We lost Great Grandpa a year and a half ago at age 99. They had been married nearly 79 years. He was a sweet man who always had a joke. When he was 98 and was needing a pacemaker, the doctor at the hospital asked how he was feeling. He said, "Well, you know, they say the first 100 years are the hardest."

Great Grandma told me Thursday that she still had her faith. I didn't doubt that. She said that when she was little, the Lord promised her she would see Him come back in a cloud and call her up to heaven. And she was still waiting, she said she believed He would keep his promise. I knew what she meant, she believes that she would be alive when Jesus returns for the faithful. So she was holding on, waiting for that to happen. She knew it would be soon. She wondered why it hadn't happened yet. I told her that He did not feel it was time yet.

And I believe her. But I wondered if she might believe He was referring to the rapture and He was actually just talking about her time to be called up, just like my own dad was. In either case, I know where this wonderful lady will end up. She'll join her husband in paradise. Of that I have no doubt.

I took the picture below at their 75th wedding anniversary. That's my grandson, their great-great grandson with them.

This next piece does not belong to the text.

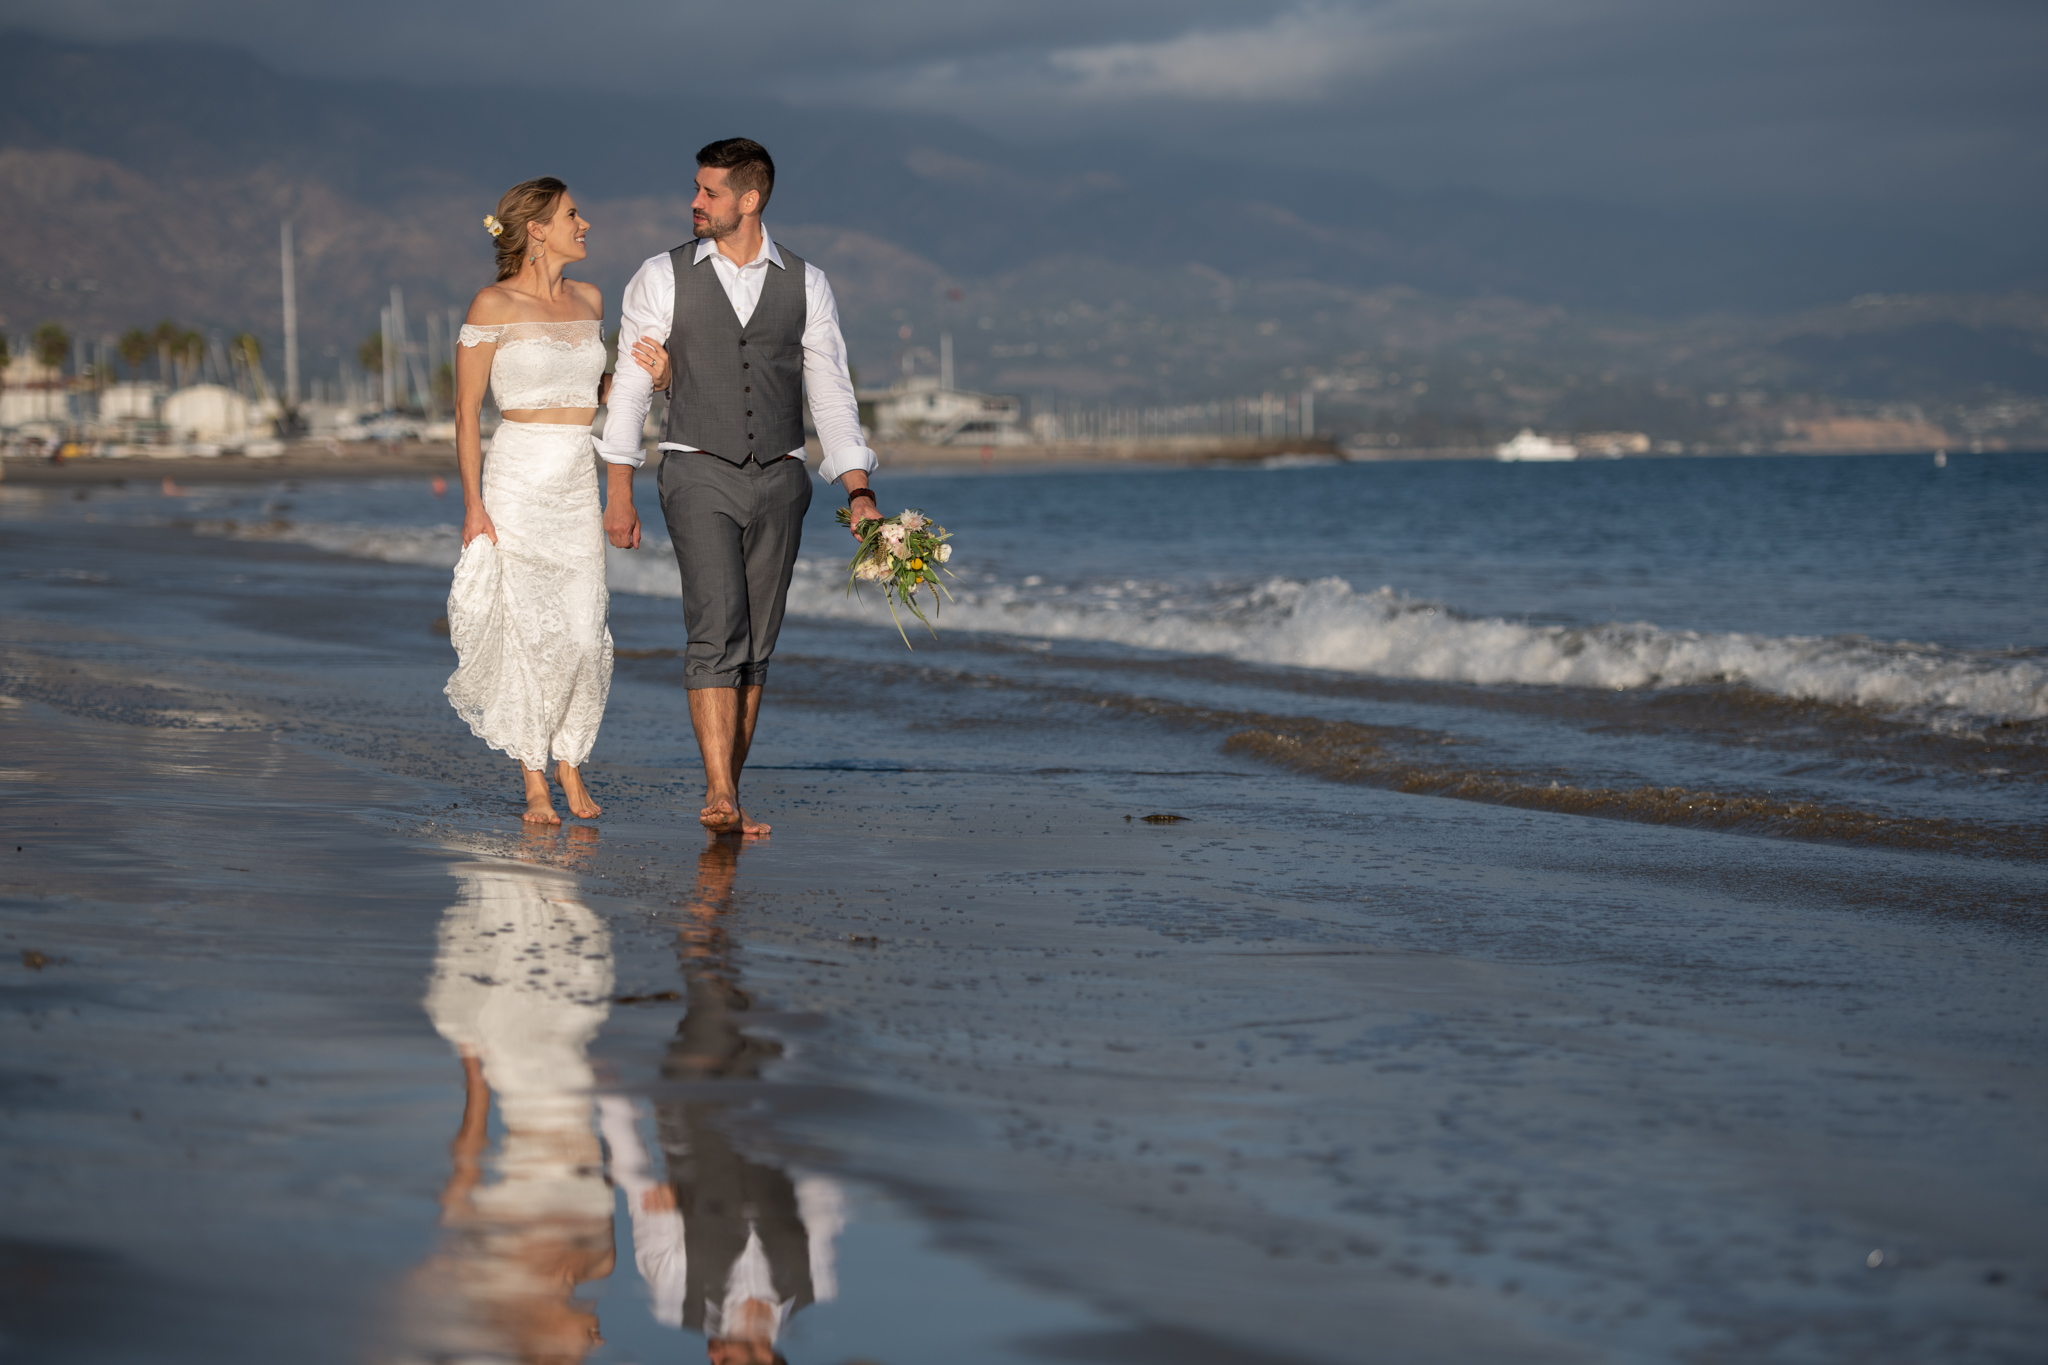 63_PRVW_Jenny_Ken_Wedding_Trevor_Hooper_Photo.jpg

I'm so grateful that I was allowed to become part of their family. I will miss them both. When we got ready to leave her on Thursday, Bob told her we loved her. She said, "I know you do." I'm glad she knows.

6 comments:

Anonymous said...

I too have been with someone on that borderline between life and death, and have had a similar experience. They see things that we can not see. They hear things that we can not hear. They know things that we can not know.

And there is a profound sense of peace about them.

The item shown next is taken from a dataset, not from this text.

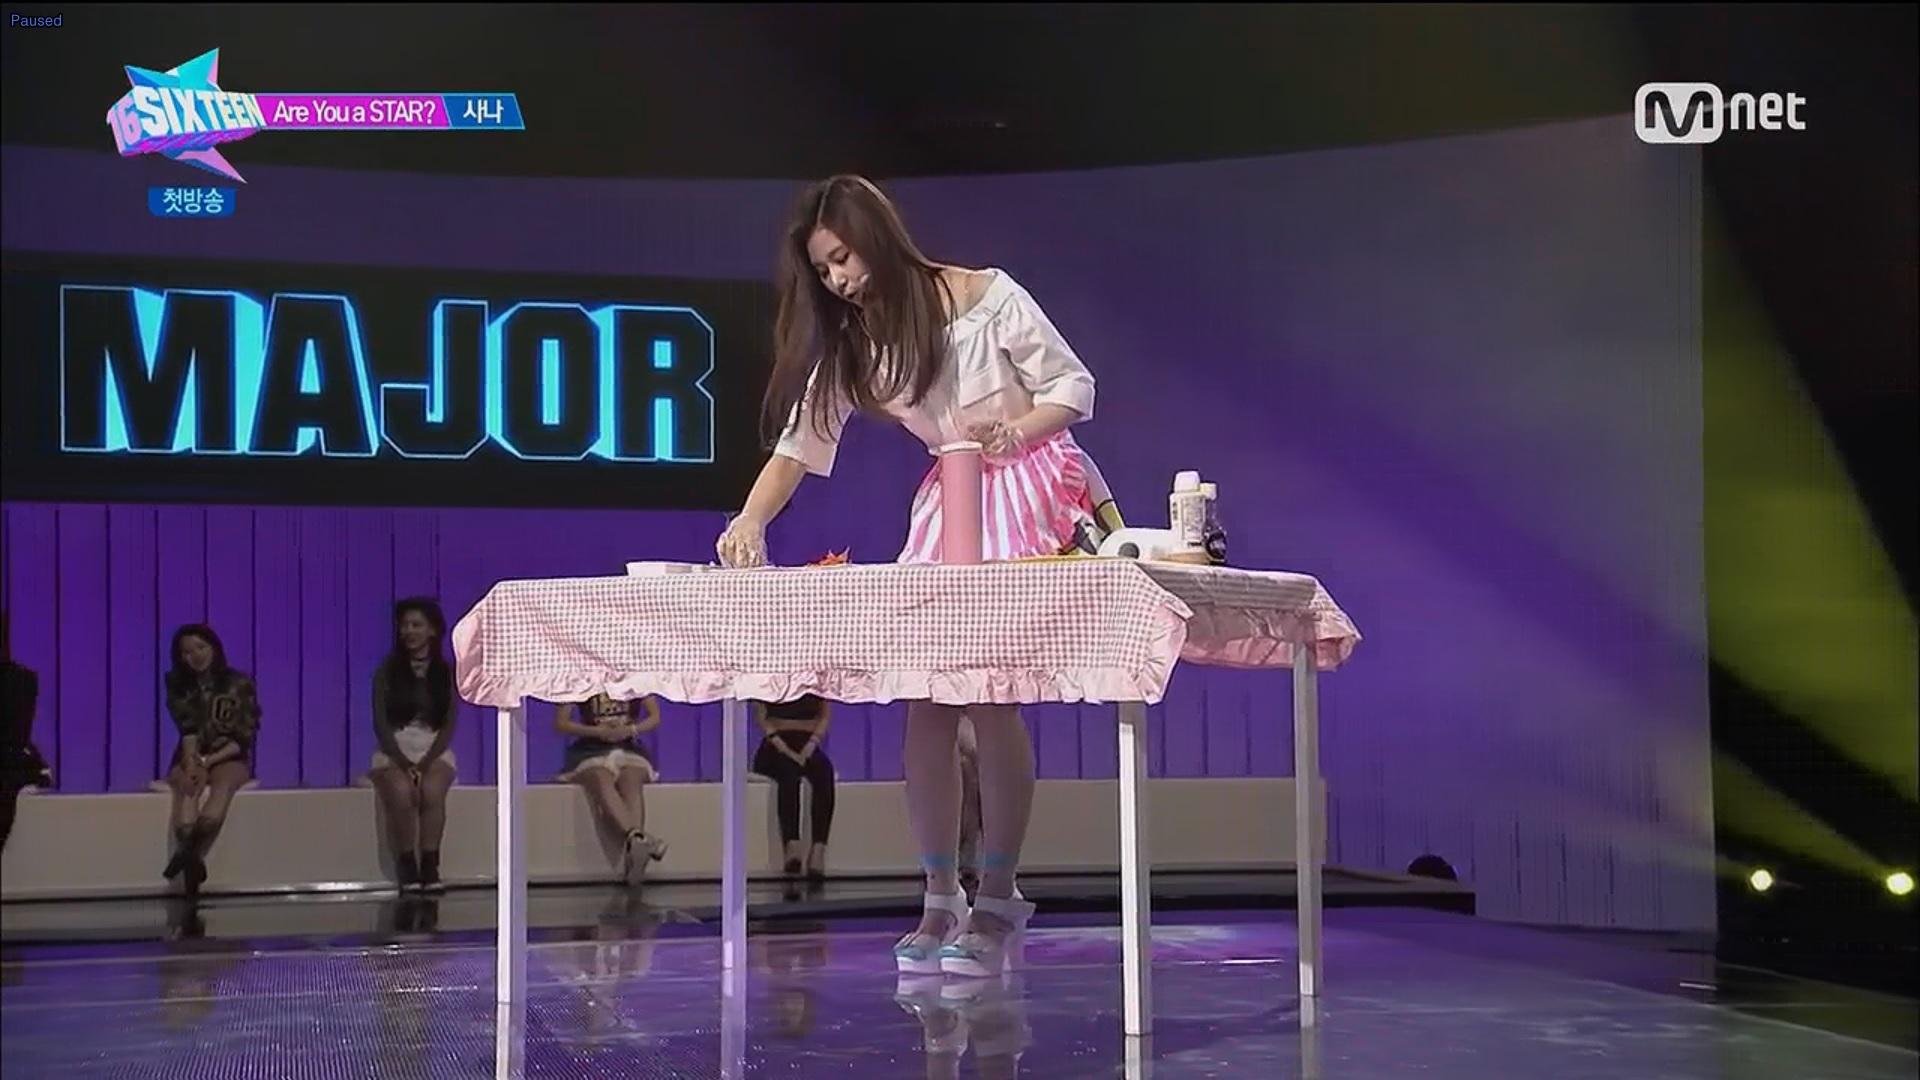 Sana prepares spring rolls for JYP on stage

There's something comforting about that, I think.

Cissy Apple said...

The father of friends is in the hospital now, admitted because he had pneumonia and could no longer breathe on his own. Yesterday they took him off the respirator to "let him go". He's well aware of everything going on, and I can't imagine how hard this had to be on his family to have to make this decision based on what they know their father's wish would be.

Believe it or not, he's still hanging on. The doctor says if he hangs on tomorrow, he'll have a 50/50 chance.

Rita said...

We heard tonight that they moved Great Grandma to a longer care facility. She's feeling a bit better but still sometimes doesn't know what's going on. She's surprised them before, so who knows. Heck, half the time I don't know what's going on either.

Rita said...

Thanks for your comments Jeff. From reading your blog, I know you've experienced some sad losses in your life and found out that you can come out the other side. I didn't think that could happen after my dad died, but I found the experience taught me much more compassion than I had been before.

I wish you and your family well and I love reading how much you love them. Tell each of them to give you an extra hug tonight for being blessed with a loving father.

OK, you don't have to say it all, just tell them to give you an extra hug.

Greybeard said...

Sara Jean and I have been present during the long wait for both her Mother and her twin brother to die.
Like Jeff's comment above, the experience was a gift, watching them slowly, gently slip away.

It was a life-changing event I wouldn't trade for anything.

Rita said...

Exactly GB. It's hard for anyone to understand that such a devastating event can be a gift also. You have to have gone through it with a loved one to understand and explaining it to someone who has not doesn't translate well.